Опешившая Федосья заторопилась:

— Ой, конечно, раздевайтесь, — уж теперь-то было ясно, что раз с бутылкой, то к ней специально шли, а не просто так привернули.

Федосья ошалело села к столу, не зная, как привечать ей таких гостей. Бежать на кухню разжигать caмовар? Доставать из залавка, тащить из чулана все, что припасено на праздничный день? Так скажут, сама не своя, до чего обрадовалась. А и сидеть истуканом нехорошо.

Настя, раздевшись, опять взглянула на потолок, опять села под матицу и, как тогда, в «Заготзерне», прищурилась, выдохнула, будто пригрозила:

— Ну вот, мы и пришли!

Костя же по-прежнему неловко мялся в кути, без приглашения не проходил к столу. Сестра посмотрела на него, расхохоталась:

— Федосья, ты помнишь ли, как ваш николинский Гавря свататься за Саню ходил?

Федосья мала была, запамятовала.

— Гавря, — смеялась Настя, — дошел со сватом до крыльца и испугался: «Ты иди, — говорит, — за невестой один, а я здесь постою».

Настя рассказала эту побасенку, Федосья сразу и вспомнила, что у Гавриной истории есть продолжение.

— Сват настырный был, — засмеялась она, — затащил жениха в дом невесты, а Гавря не знал, что сказать, молчал-молчал, а потом похлопал себя по голенищам сапог и похвастался: «Вот, говорили, Пронины сапоги велики, а в самый раз…»

Настя деланно захохотала.

— Ты смотри, а я этого не слыхала… — переглянулась с братом.

Костя уже не поколачивал валенками друг о друга, стоял, еще больше смутившись.

И Федосью пронзила догадка: «Господи, да он же не в своих валенках!» А она-то, дура, по нему резанула — как до сватовства отказала. Чужие валенки на тебе… Ну и чего такого? Человек недавно с фронта пришел — там ведь не валенки катал, а воевал. Дома же, известное дело, за войну все пришло в разор: старуха мать одна оставалась. Теперь вот с Настей съехались, а Настя тоже не пимокат, не накопила богатства. Митрохины и раньше-то жили бедно. Про Костю Федосья и не слыхивала, как он в парнях гулял. Похоже, негуляного и в армию забрили, а там война… Может, валенок-то дома так и не нашивал.

Настя насупилась:

— Сапоги, Федосья, дело наживное. Был бы человек хорош…

Думала-то Настя сейчас, конечно, не о сапогах, а о валенках и говорила совсем не о Гавре… У Федосьи уже не было никаких сомнений, зачем они к ней пожаловали.

— А я разве спорю, — сказала она и кинулась собирать на стол. — Конечно, человек хороший, так все наживет.

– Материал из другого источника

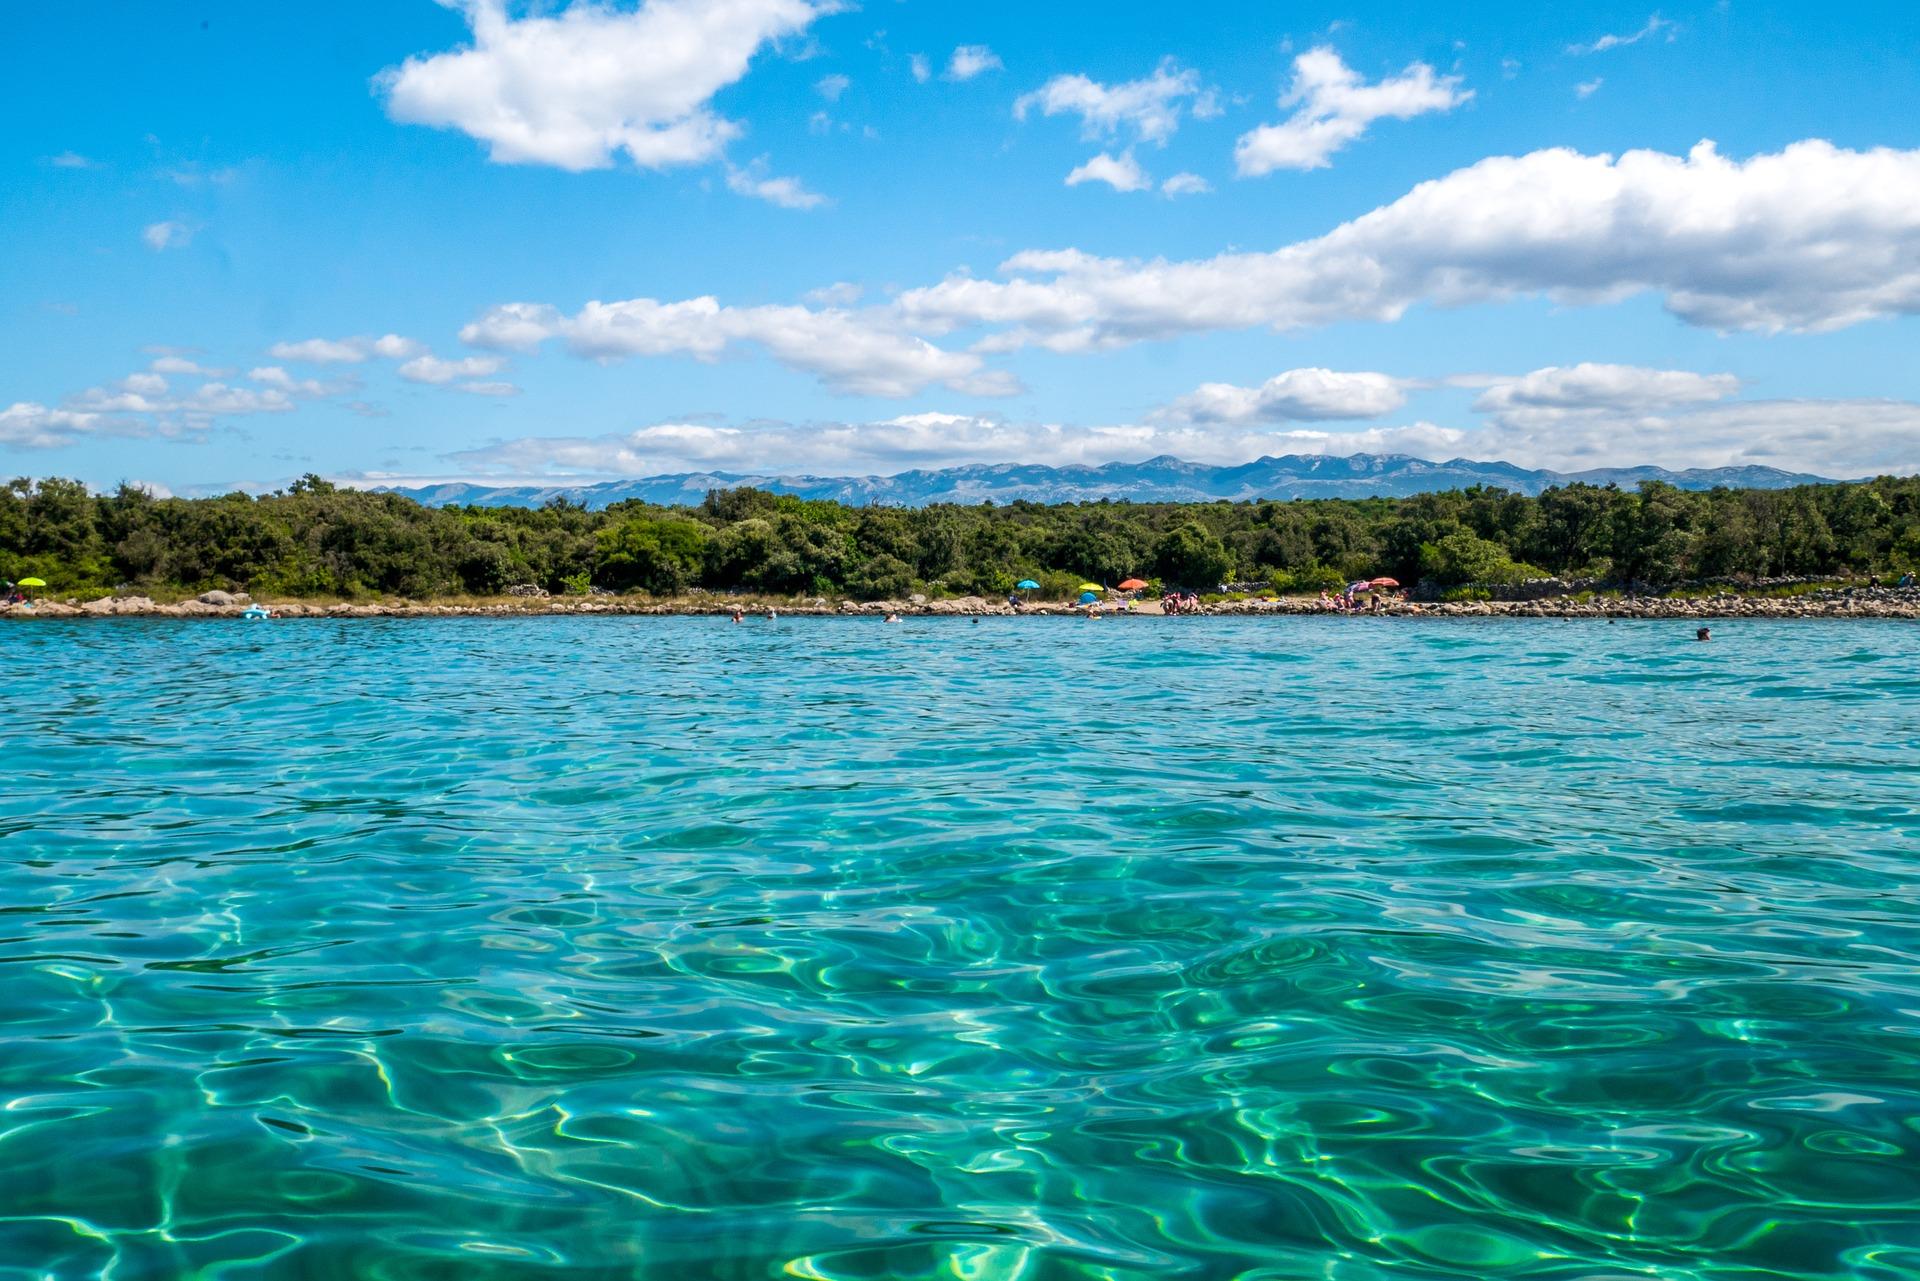 Viel spaß beim Baden im Meer während der Sound der Weltbesten DJ's durch die boxen ströhmt- Spring Break Kroatien 2019

Она не углядела, когда Костя примостился к столу. Пока бегала на кухню, он уже оказался напротив сестры.

— Ну, Федосья, канитель разводить нечего, — решительно потянулась Настя раскупоривать бутылку. — Я тебе давно обещалась, что свататься придем. Вот и пришли… Не скрываем, богачества за нами нету. И если сговоримся, так жить ему у тебя. У нас, сама знаешь, тесно в дому. Не пошевелиться…

Федосья посмотрела на жениха. Тот сидел, уткнувшись взглядом в столешницу, волосы у него на голове взвихрились, уши запунцовели. Мужик, видать, тихий, обижать не будет.

Она сложила руки на коленях.

— А помоложе-то или не нашли?

Настя отставила бутылку, не стала наливать в рюмки.

— Он, Федосья, израненный весь, — сказала она. — На девке женится, накопят полную избу деток, а если умрет? А от тебя одного-то — поднимете.

Костя взял бутылку, неверной рукой разлил водку.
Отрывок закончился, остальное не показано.